Area under the curve in predicting bleeding in baseline, follow-up and delta PRECISE-DAPT scores, as assessed in patients receiving DAPT included in the RESCORE multicenter prospective registry (reprinted with permission from Ref. [33]. Copyright 2020 Oxford University Press).

Overall, the results of the RE-SCORE registry showed that the external validation of the PRECISE-DAPT score calculated at baseline was barely satisfactory, whereas the performance of the score improved when it was reassessed regularly. These findings support the concept that the risk of bleeding is not static and that the PRECISE-DAPT score can do well in the real world only if the score is recalculated over follow-up. Apart from age and previous spontaneous bleeding, three determinants of the score can fluctuate with time. Creatinine clearance can decrease after PCI, as renal function might progressively deteriorate as a consequence of acute kidney injury [35], post-procedural low-grade inflammation [36], activation of the renin angiotensin aldosterone system [37] or adverse effects of pharmacologic agents (i.e., nonsteroidal anti-inflammatory drugs) [38]. Anemia is a frequent comorbidity in patients with CAD undergoing PCI and is associated with increased morbidity and mortality [11]. Post-procedural anemia might result from the presence of chronic unrecognized bleeding, which might worsen after the initiation of DAPT and, in turn, could increase the future risk of bleeding and mortality [39]. Unfortunately, the presence of a small decline in hemoglobin is often regarded as ‘not severe’ and dismissed [40], and subtle changes in hemoglobin while on DAPT and their correlation with the prognosis have never been previously taken into consideration in the prediction of bleeding in the long term.

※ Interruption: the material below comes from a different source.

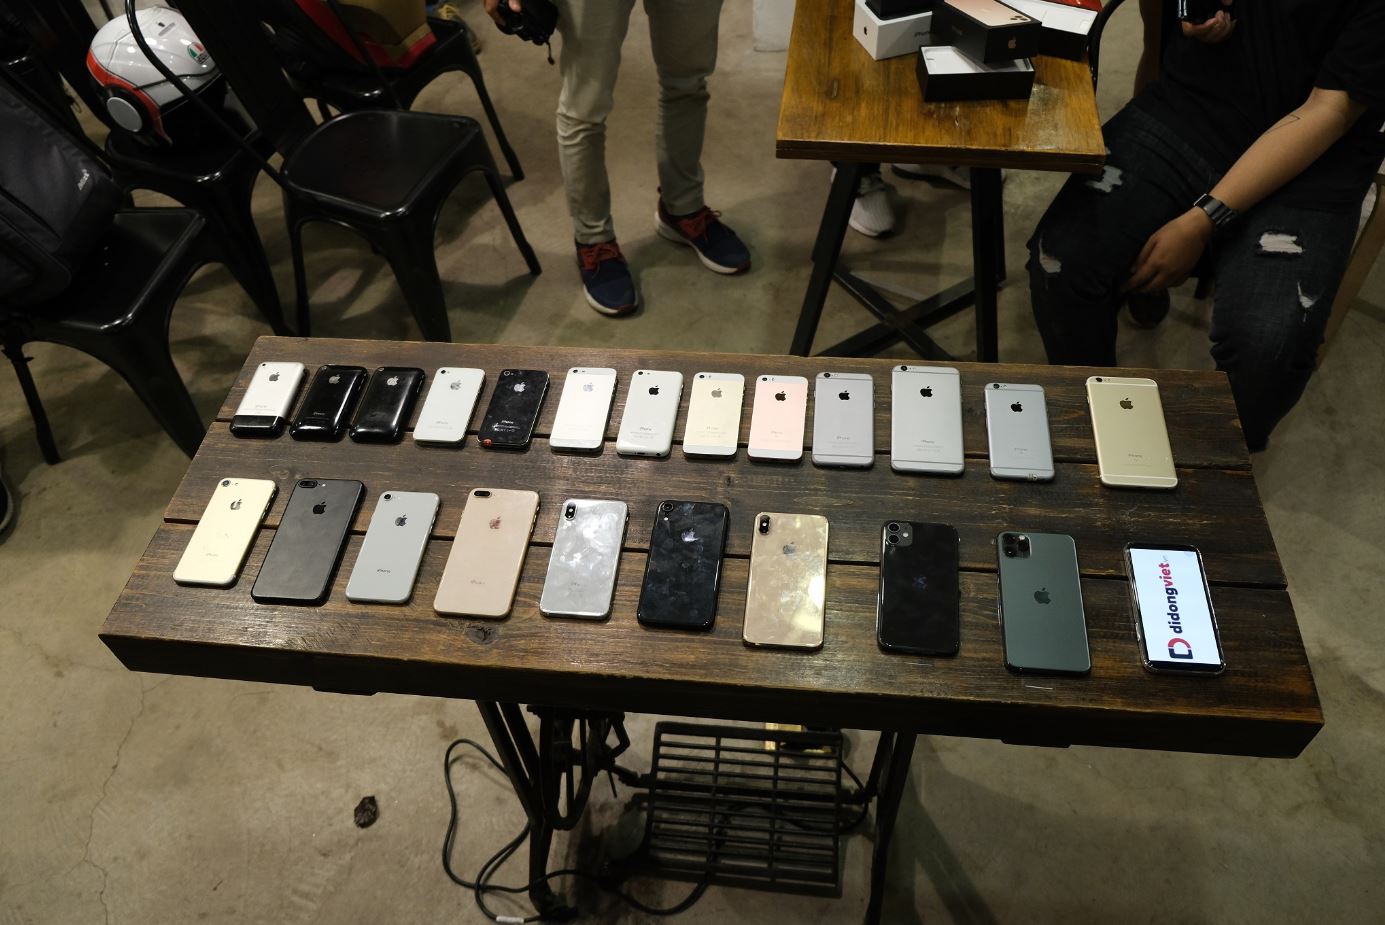 Người dùng Việt trải nghiệm trực tiếp những chiếc iPhone 11 đầu tiên cùng Di Động Việt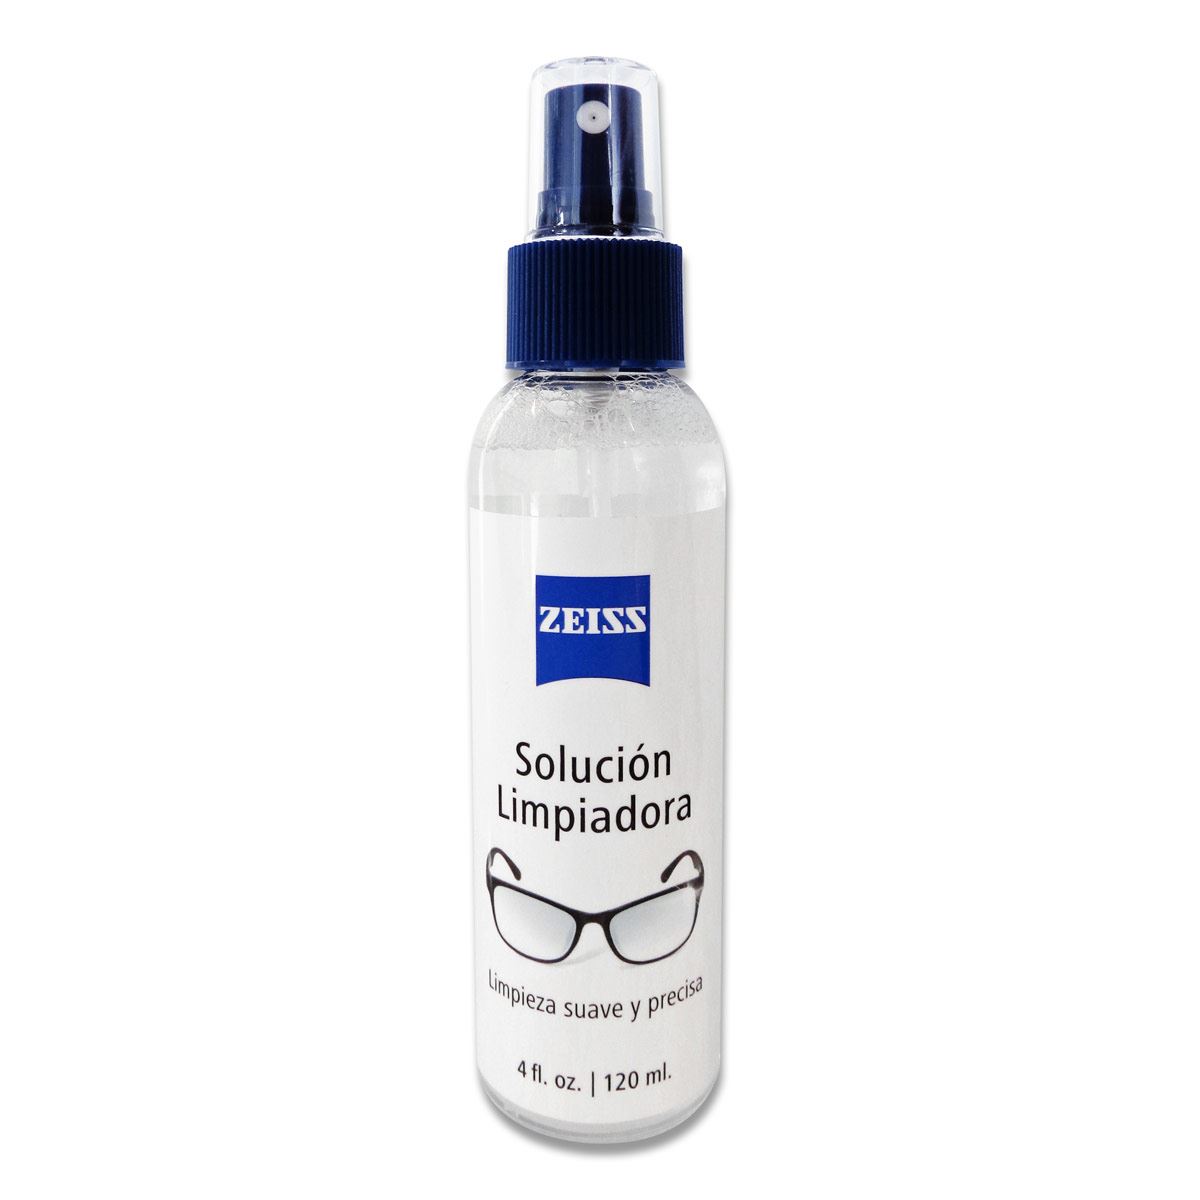 Spray limpiador de lentes- Limpieza suave y profunda de tus lentes

Finally, white blood cell is an easily obtained surrogate marker of inflammation [41]. The significance of an elevated white blood cell after PCI remains despite the improvements in medical therapy [41]. In fact, the possibility exists that chronic inflammatory responses to stent polymers play a role in the underlying pathophysiology of increased white-blood-cell count [42] and its precursors [43], which have been associated with a poorer long-term outcome [44].

The findings from the RE-SCORE investigators underscore the concept that patients who are given DAPT after PCI are potentially at high risk and therefore require attention and close surveillance over time by clinical and laboratory reassessment [45]. To this end, further studies using other risk score systems are needed to confirm whether the recalculation of bleeding risk yields a better performance.

6. Conclusions

Several risk scores are currently recommended by the guidelines to evaluate bleeding risk and individualize the type and duration of antithrombotic therapy after PCI. In clinical practice, these risk scores are generally assessed at the time of PCI using baseline features and risk factors. Yet, bleeding risk is dynamic and can significantly change over time. This concept is relevant, as the inappropriate estimation of bleeding risk, either at the time of revascularization or subsequent follow-up visits, could lead to erroneous therapeutic management. With this respect, recent findings shed light on a novel predictive strategy that might enhance the proper identification of patients at higher risk of bleeding. The evidence that bleeding scores are dynamic underscores that the estimated risk of bleeding after PCI can change with time and should therefore be regularly reassessed. Frequent evaluation and recalculation of bleeding scores should be implemented in clinical practice to potentially improve the identification of high bleeding patients after PCI.